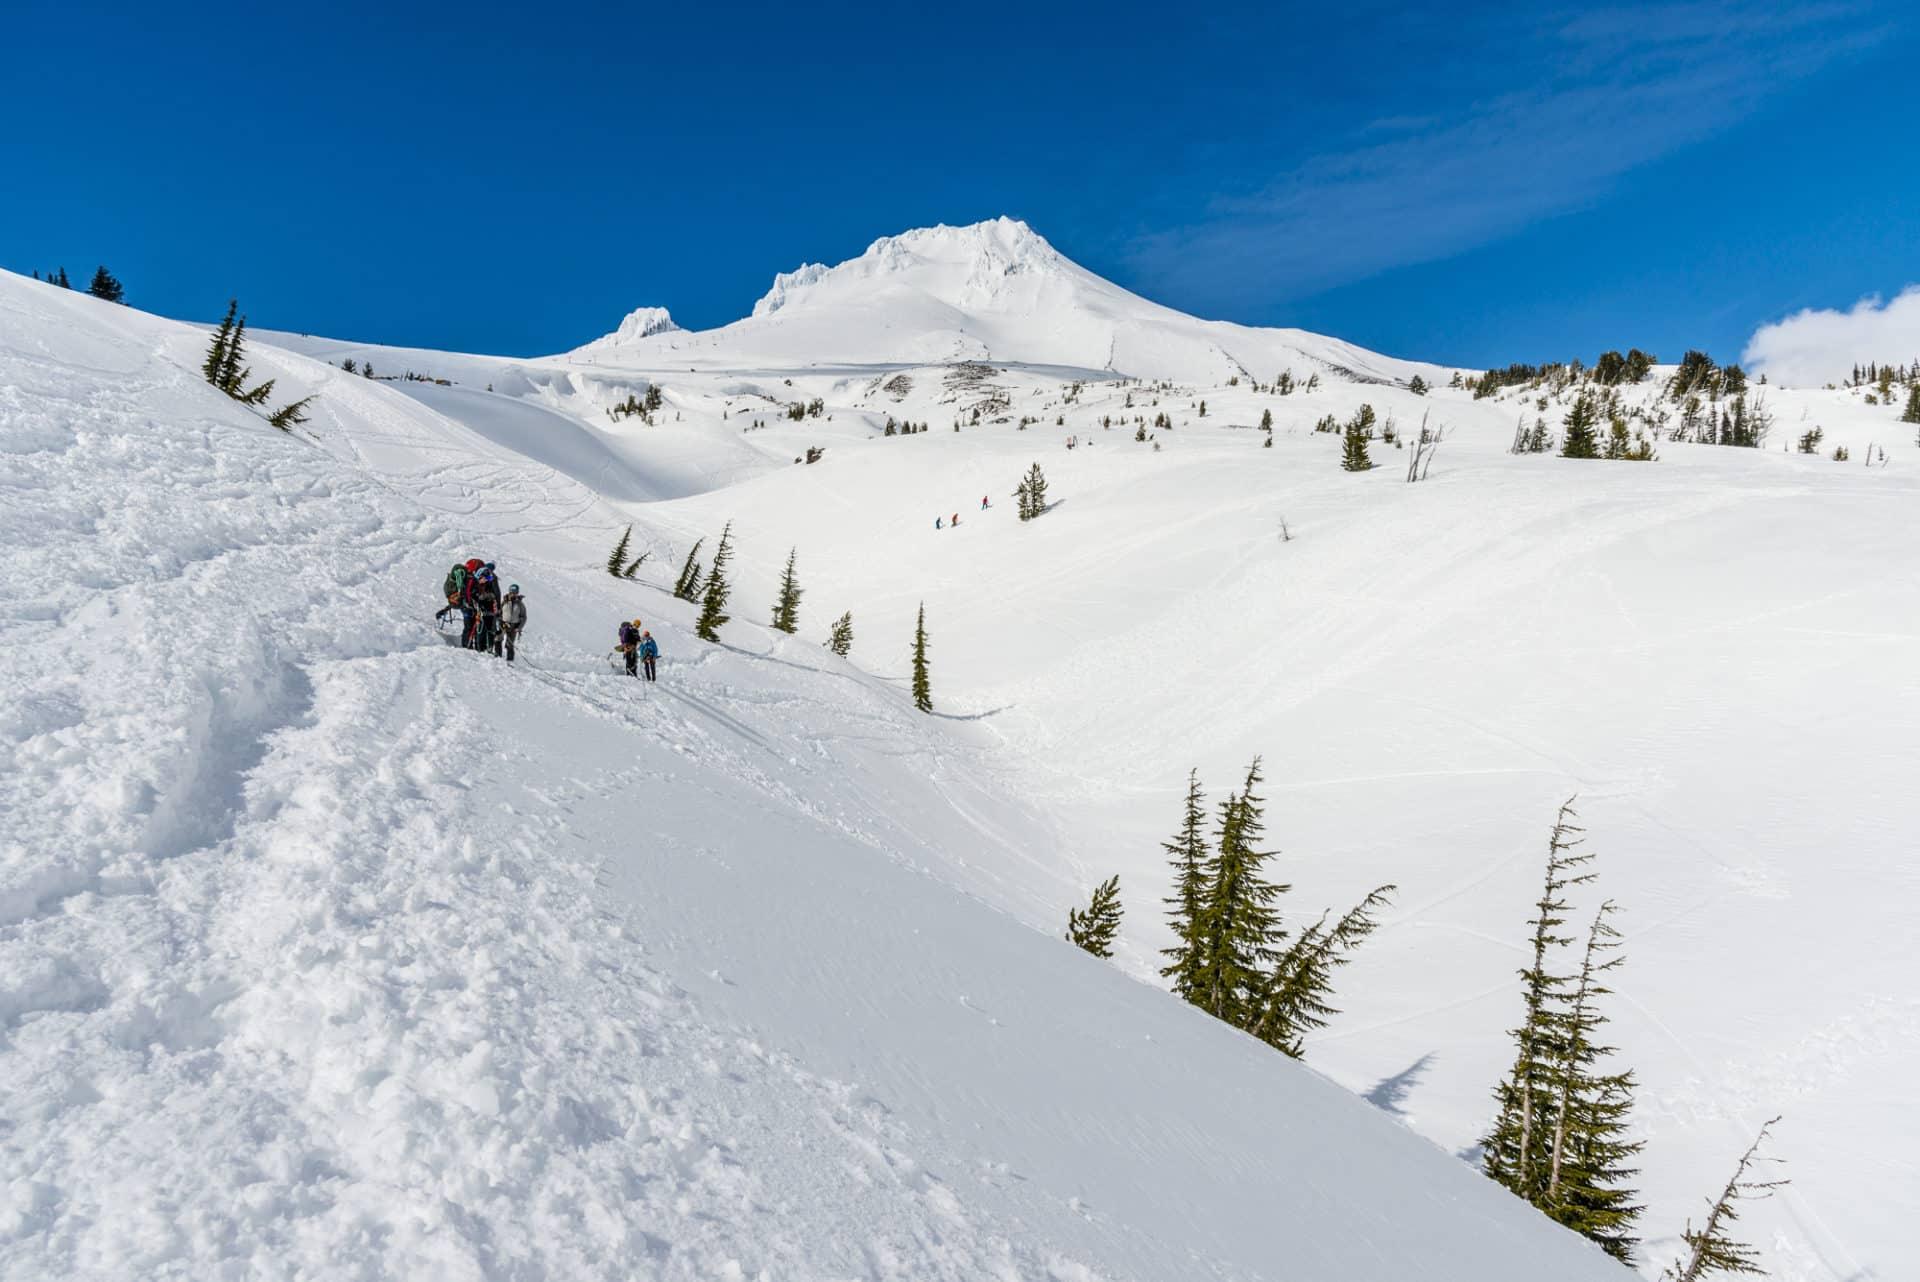 Climbing Mount Hood (3,429m) via Reid Glacier Headwall
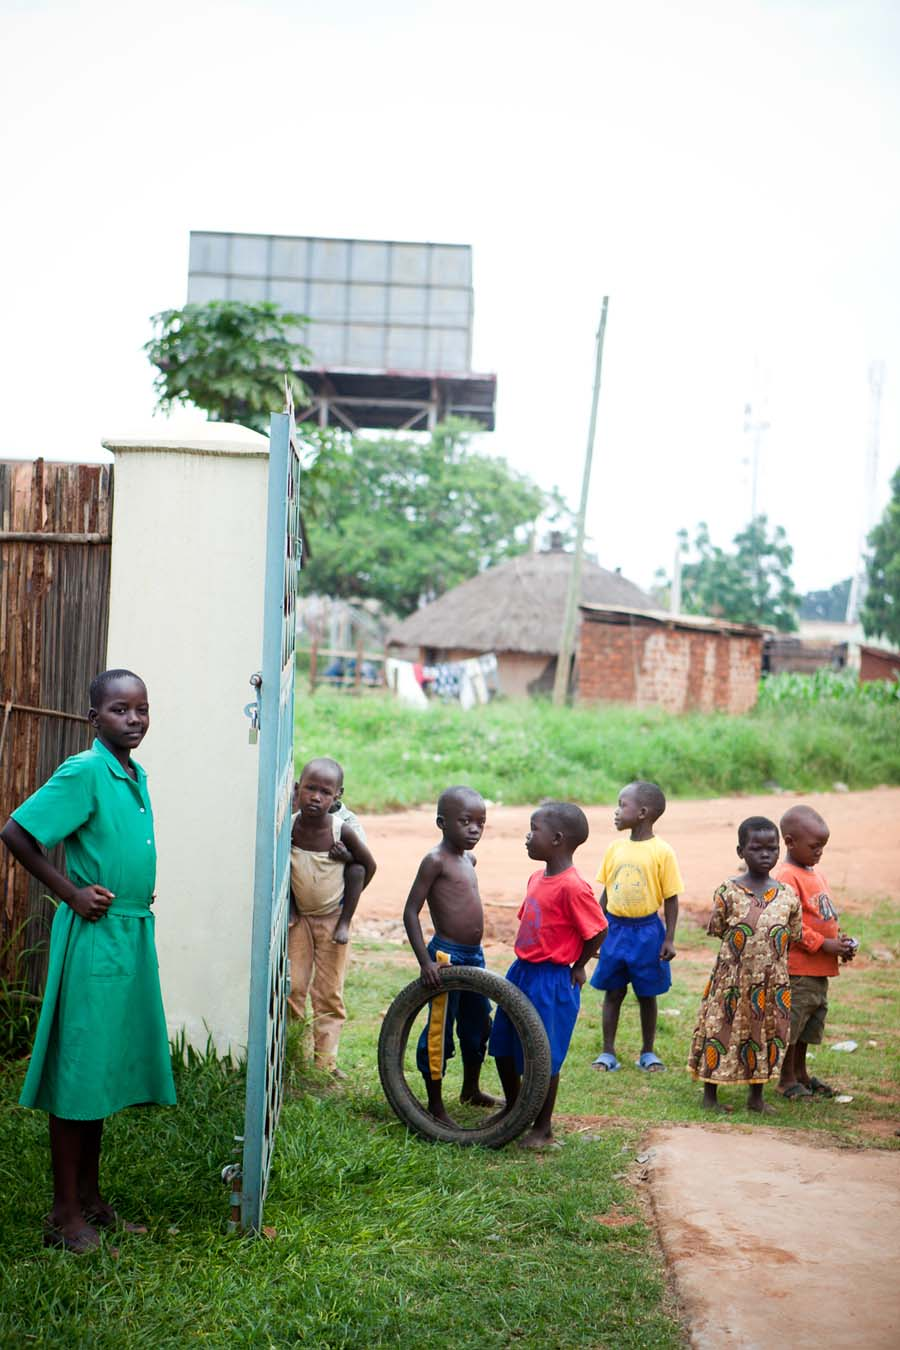 jessicadavisphotography.com | Jessica Davis Photography | Portrait Work in Uganda| Travel Photographer | World Event Photographs 0 (1).jpg
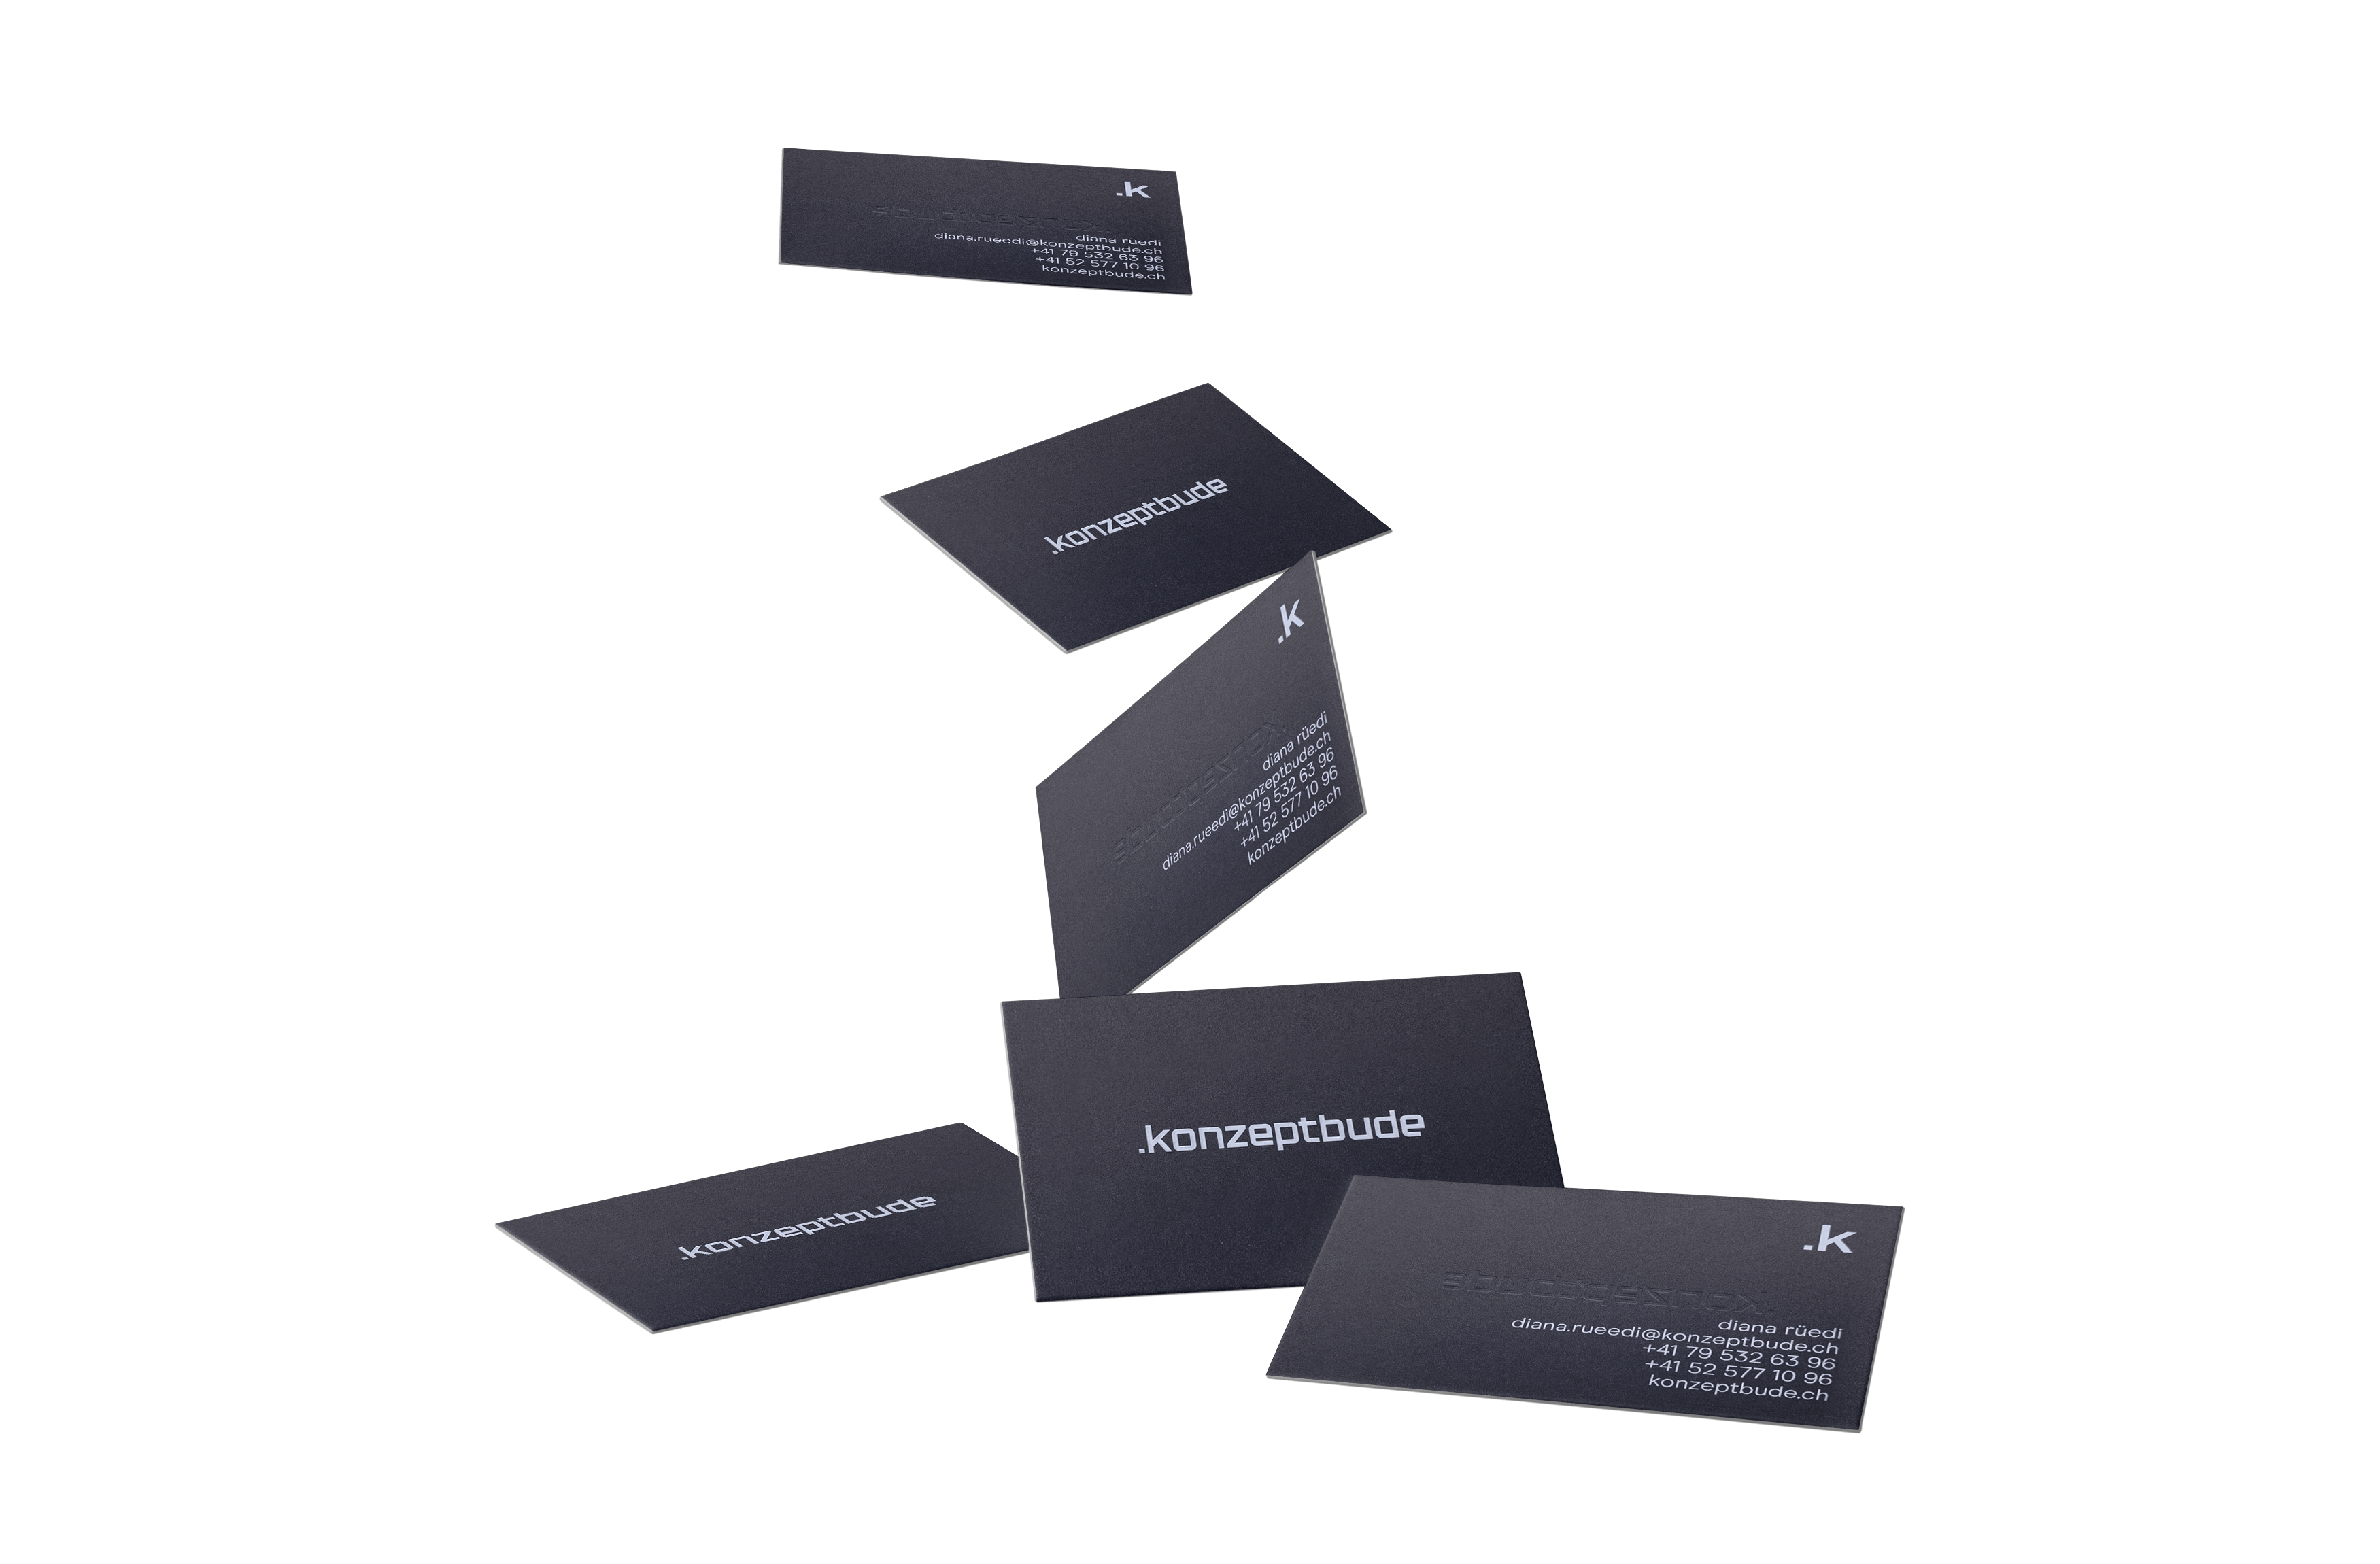 Konzeptbude, Branding, Schaffhausen, Format Studio, Visitenkarten
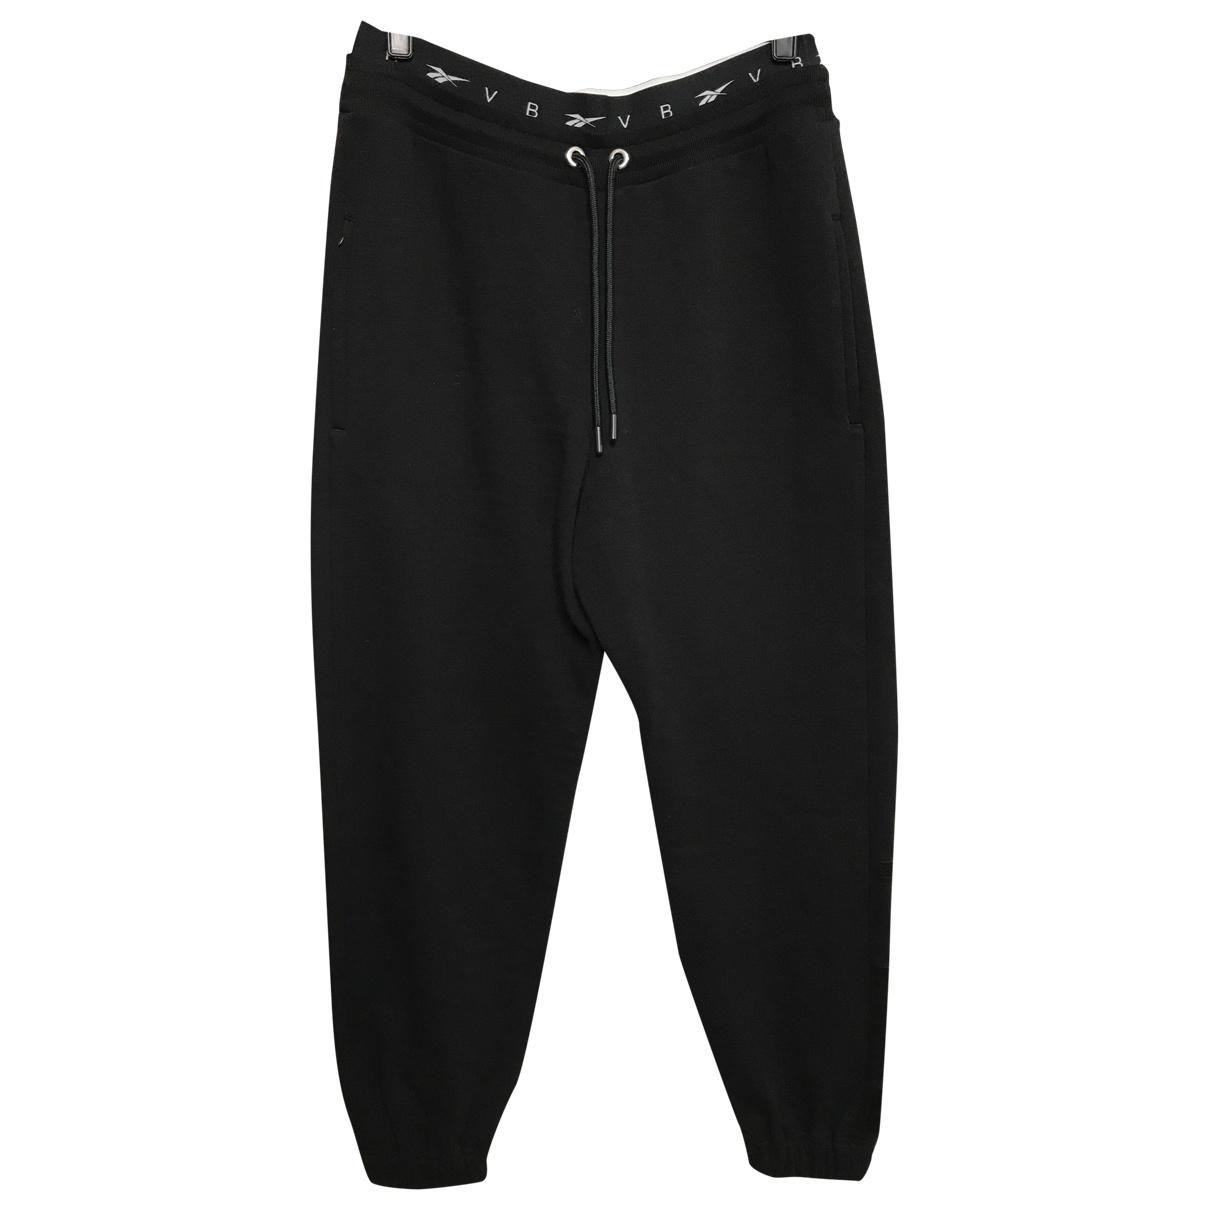 Reebok \N Black Cotton Trousers for Women M International

******************************

### The problem
Retype only the lines above from the one with "jessicadavisphotography.com | Jessica" through the last, both ends included, keeping every picture out of the copy.

### Response area
 jessicadavisphotography.com | Jessica Davis Photography | Portrait Work in Uganda| Travel Photographer | World Event Photographs 0 (1).jpg
 Konzeptbude, Branding, Schaffhausen, Format Studio, Visitenkarten
 Reebok \N Black Cotton Trousers for Women M International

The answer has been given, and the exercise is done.